Show online/offline status and last seen time of users.
Show message delivery status (sent, delivered, read)
Allow users to share images, videos, and audio clips.
Support group conversations with up to 100 members.
Send Push notifications for new messages if the receiver is offline.
Store and retrieve chat history for each user.
Non-Functional Requirements
Scalability: Handle millions of concurrent users.
High Availability: Ensure minimal downtime and resilience to server failures.
Low Latency: Deliver messages in real-time with minimal delay.
Reliability: Ensure messages are not lost.
2. Capacity Estimation
Let’s assume the following traffic characteristics for our chat application:
Total Users: Assume 1 billion registered users.
Daily Active Users (DAU): Around 500 million users actively use the app each day.
Peak Concurrent Connections: Approximately 50 million users connected at peak times.
Average Messages per Day: If each active user sends an average of 10 messages daily, this results in 5 billion messages per day.
Storage Requirements (for Messages):
Assuming each message is around 1 KB.
Daily Storage: 1 KB × 5 Billion messages = 5 TB
Annual Storage: 365 × 5 TB ≈ 1.8 PB (Petabytes)
Bandwidth Estimation (for Real-Time Communication):
With 10 million users connected concurrently during peak times.
Average Bandwidth per Connection: Assuming an average of 10 KB/s per connection, we would need a total of 100 GB/s of bandwidth to support real-time messaging at peak usage.
3. High-Level Design
Chat Servers
The Chat Servers manage a large number of concurrent connections, facilitate real-time communication, and ensure that messages are delivered efficiently between users with minimal latency.
To support seamless two-way messaging, a protocol like WebSockets—designed for native bidirectional communication between clients and servers—is ideal. (We'll delve into this in more detail later.)
Load Balancer
The load balancer efficiently distributes incoming traffic from users across multiple instances of chat servers and user-facing services, such as the media service.
Here’s how the connection is established between the user and chat servers via the load balancer:
Initial Connection: The client initiates an HTTP(S) request to set up a WebSocket connection. This request passes through the load balancer, which routes it to an appropriate chat server based on factors like user’s location and the load-balancing algorithm in use (e.g., round-robin, least connections).
Connection Upgrade: Once the request reaches the selected server, the connection is upgraded from HTTP to WebSocket, establishing a persistent, bidirectional WebSocket link between the client and the selected chat server via the load balancer.
Session Persistence: To ensure that the client remains connected to the same chat server, load balancer uses sticky sessions.
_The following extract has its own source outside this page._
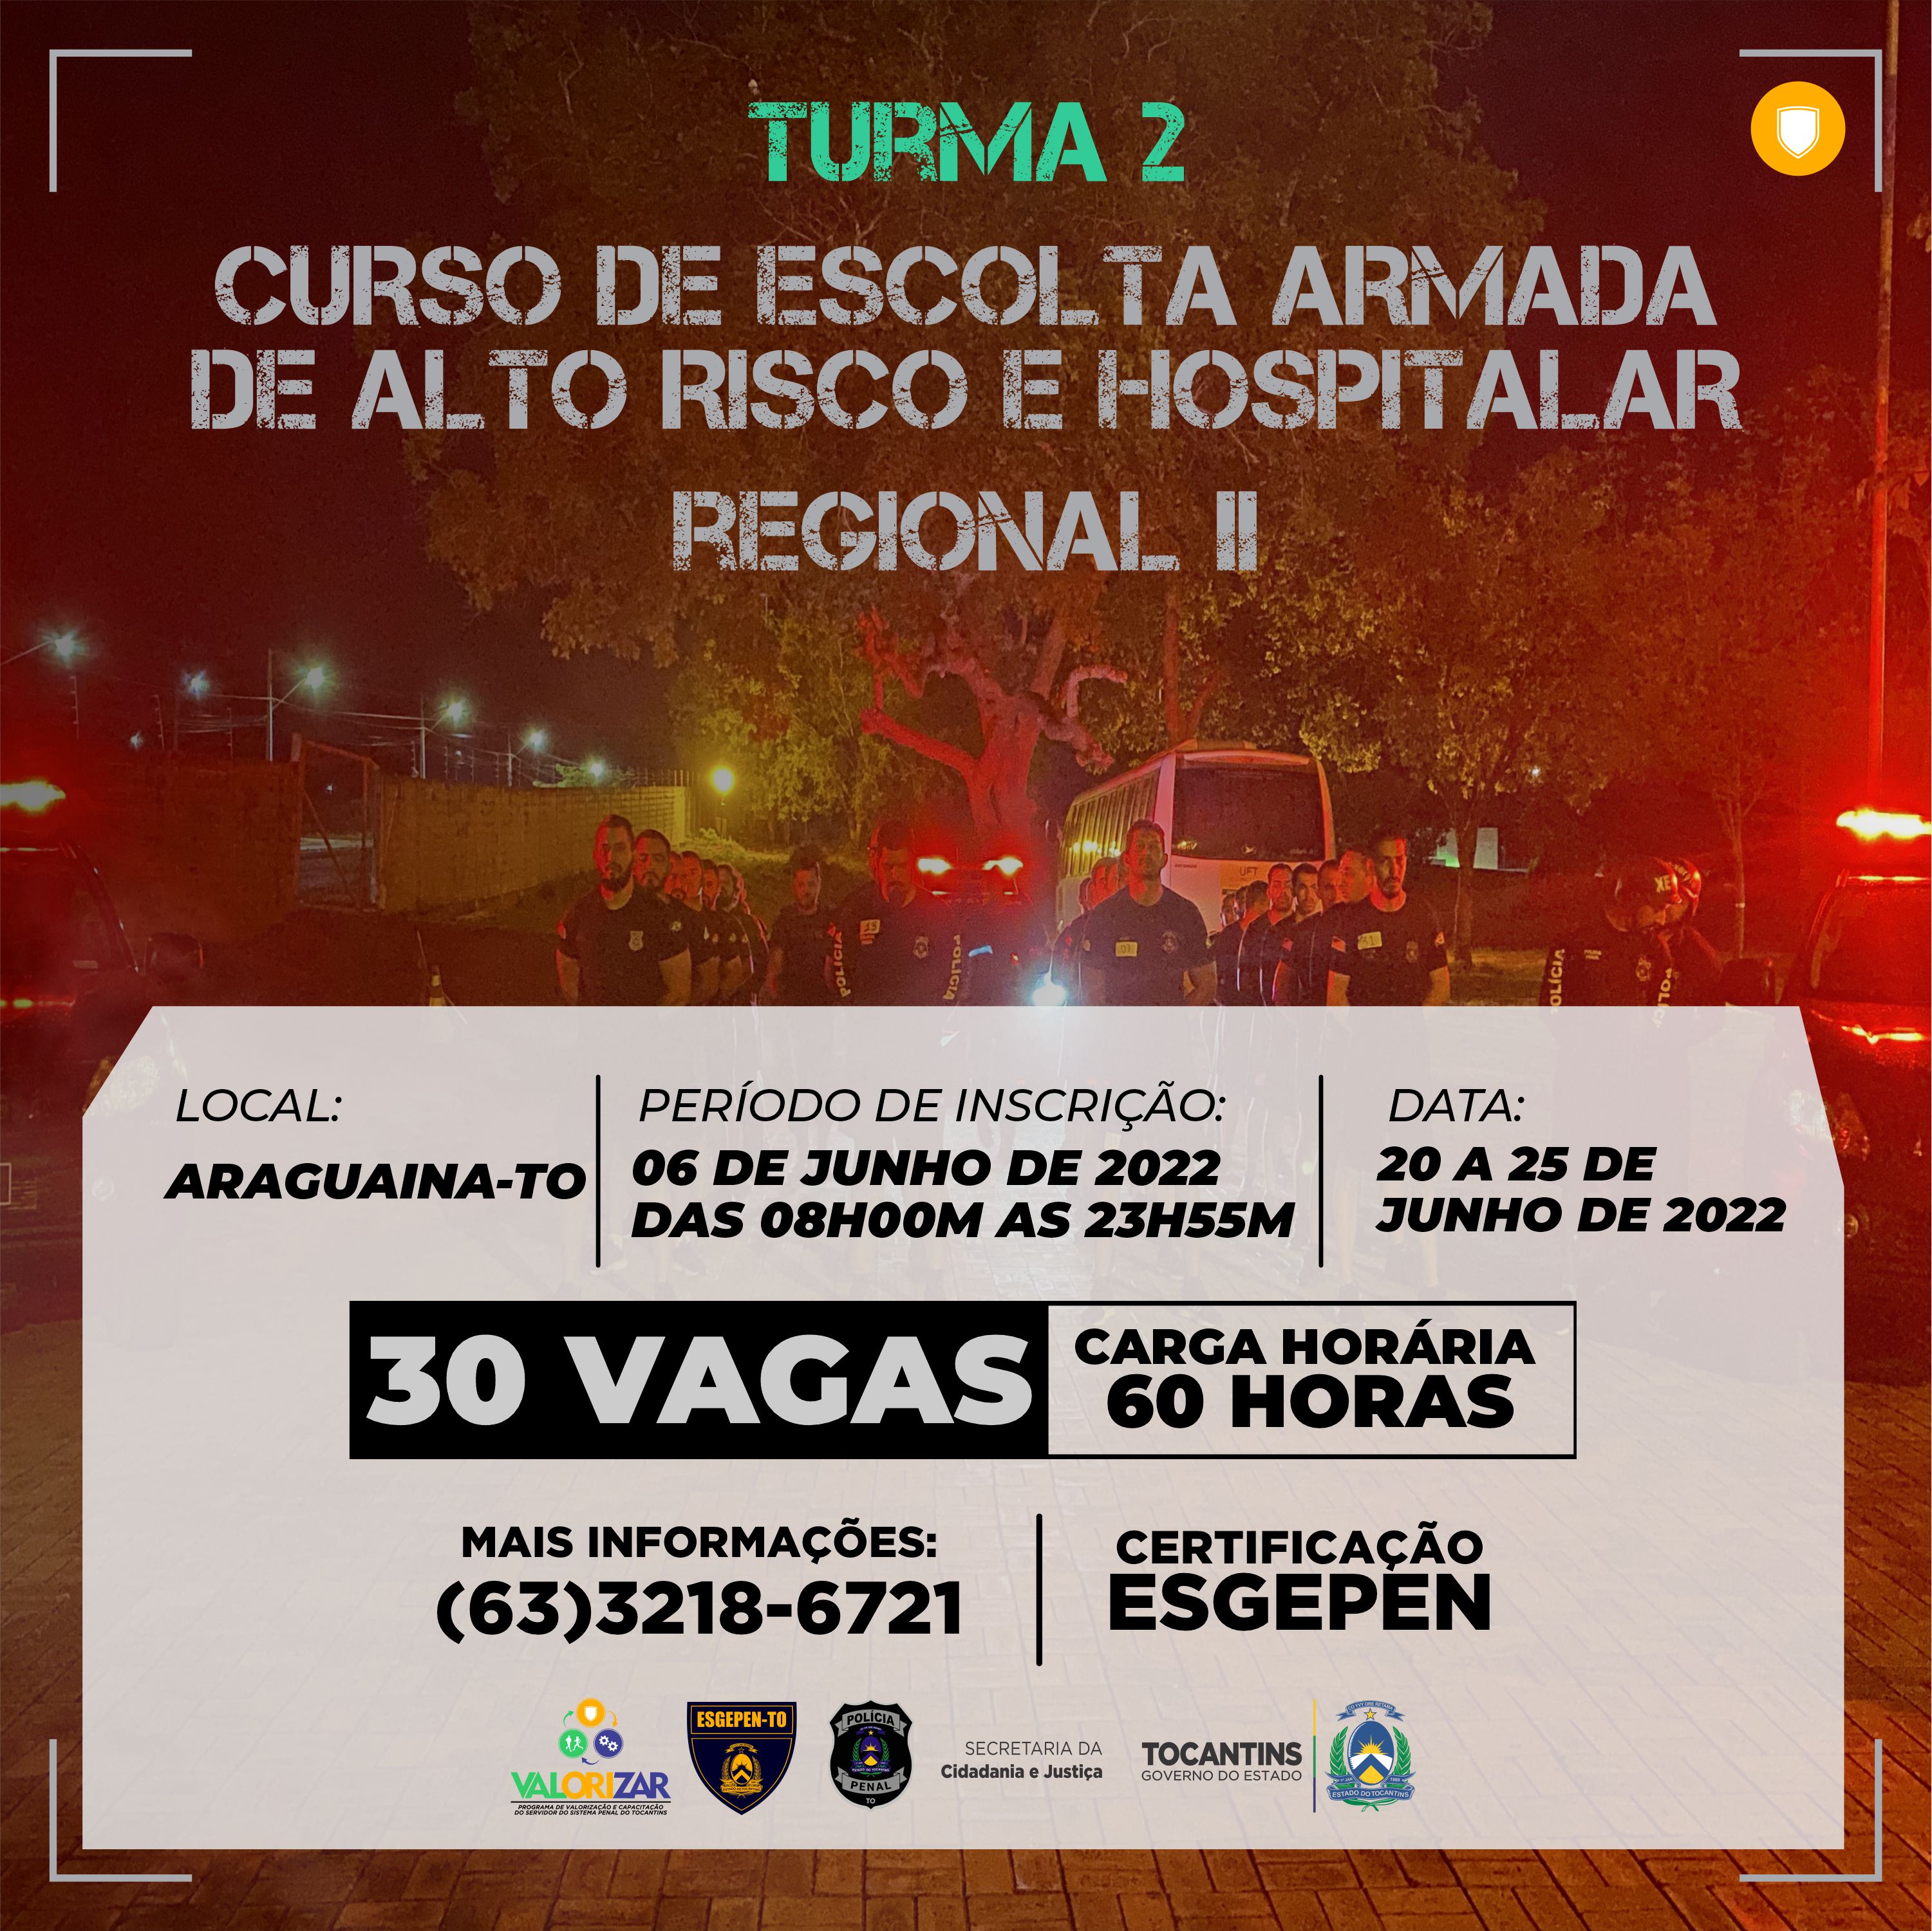 CURSO DE ESCOLTA ARMADA DE ALTO RISCO E HOSPITALAR - CEAARH - TURMA 2

This can be achieved through IP hashing, where the load balancer consistently routes the user to the same server based on the hash of their IP address.
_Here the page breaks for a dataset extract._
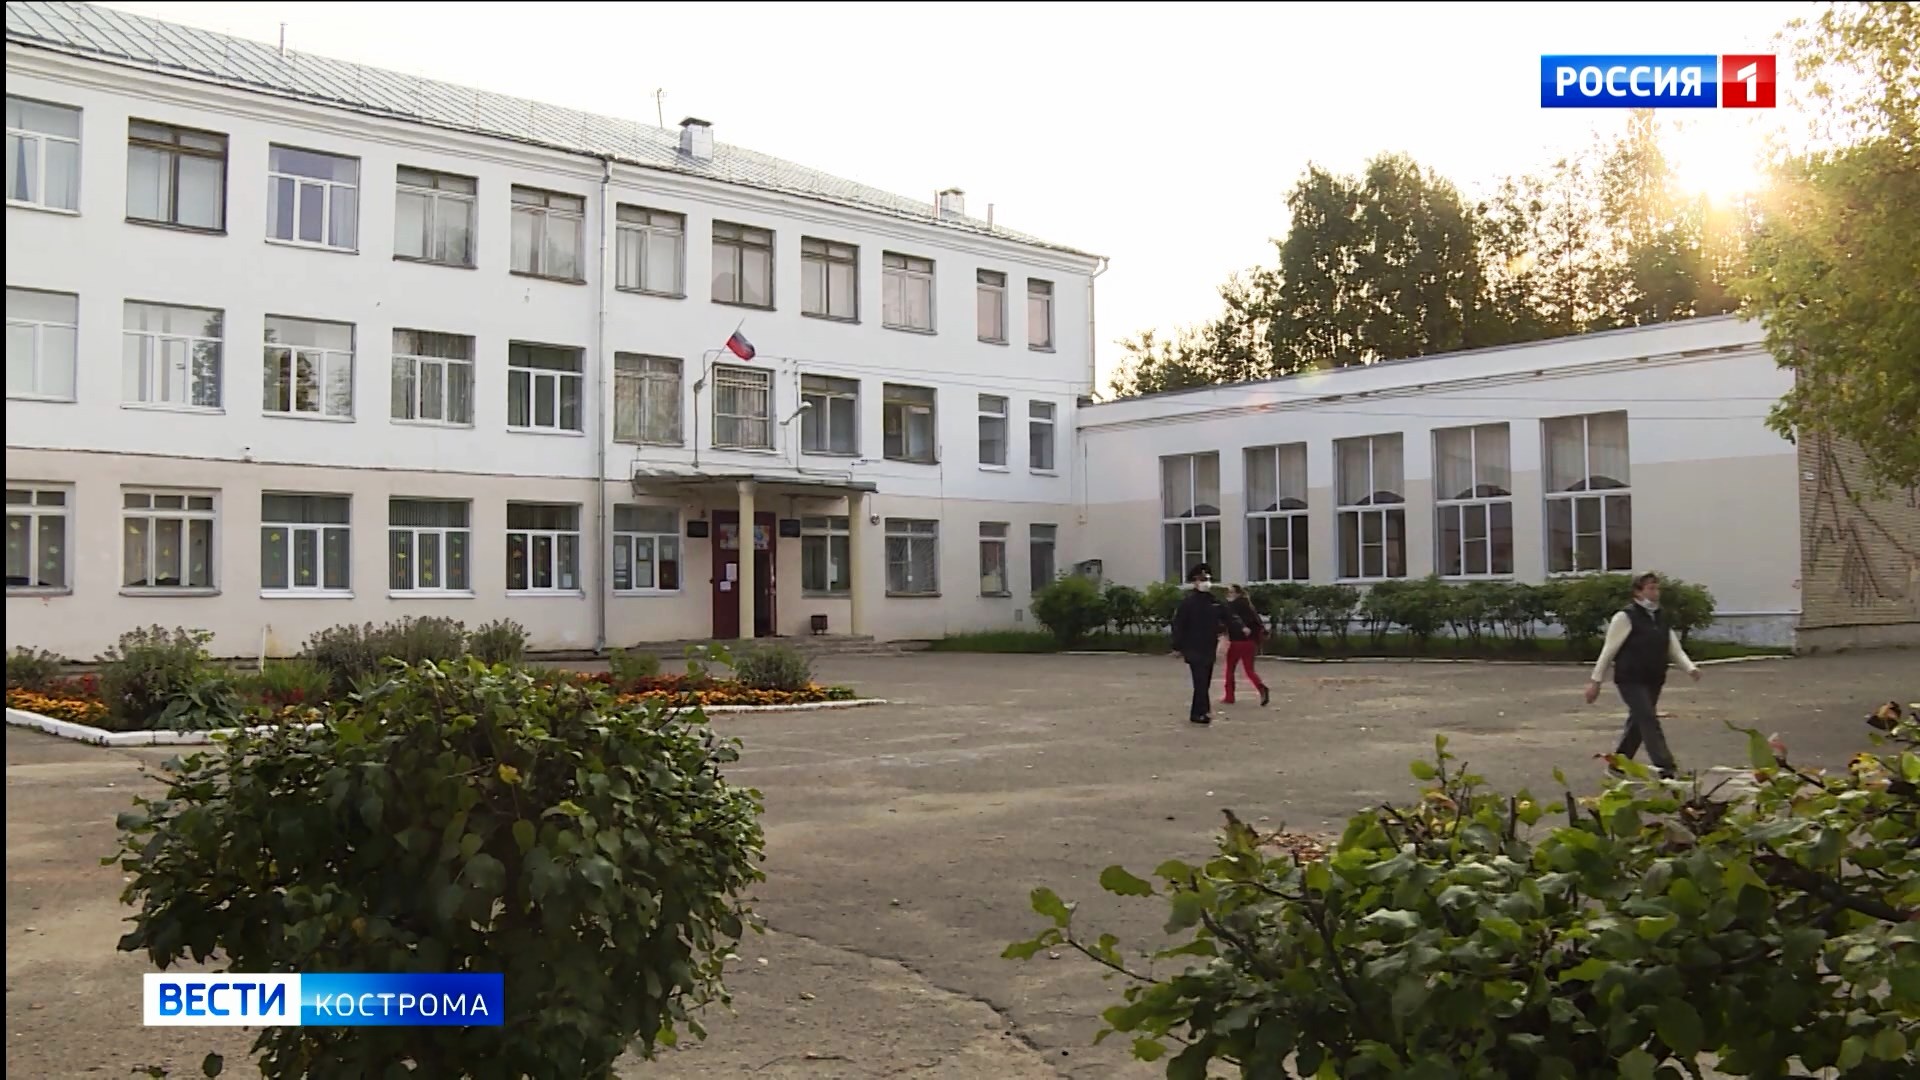 Избирательный участок по адресу найти кострома. Владикавказ избирательный участок 42 школа фото.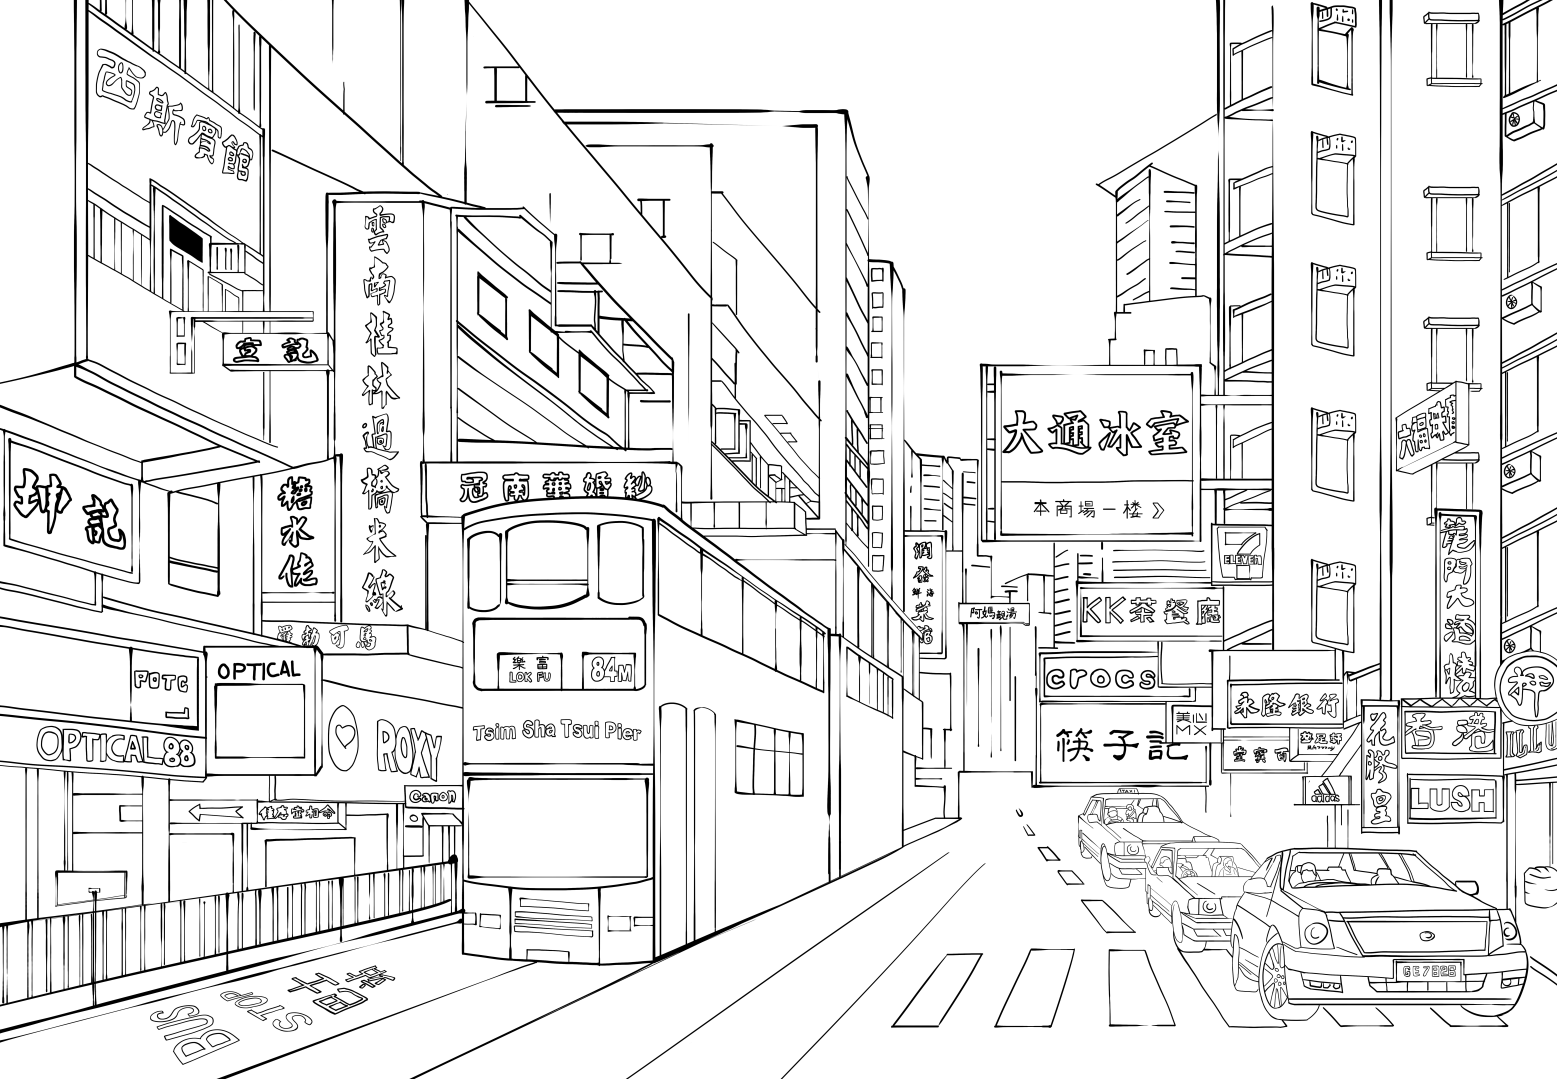 香港轮廓图手绘图片

Alternative with Service Discovery
An alternative approach is to use service discovery, which enables users to connect directly to chat servers.
In this case, users first connect to the service discovery layer to identify the chat server they should connect to and then establish a WebSocket connection directly with that server.
User Connection Cache
The User Connection Cache is a fast, in-memory cache (e.g., Redis) that stores each user's active connection details, such as the chat server they’re connected to and their last_active
timestamp.
Clients periodically send heartbeat signals to their connected server, and each heartbeat updates the user’s last_active
timestamp in the cache.
This setup enables efficient support for online/offline
status and last seen
functionality.
If the difference between the current time and the last_active
timestamp is within a defined threshold (e.g., 3 seconds), the user is shown as online; otherwise, they are marked as offline.
Notification Service
The Notification Service is responsible for delivering real-time notifications to users, especially when they are offline or not actively using the application.
When a user is offline, the chat server forwards the message to the Notification Service.
To enhance efficiency, the chat server can send this message to a message queue rather than directly interacting with the Notification Service and waiting for a response.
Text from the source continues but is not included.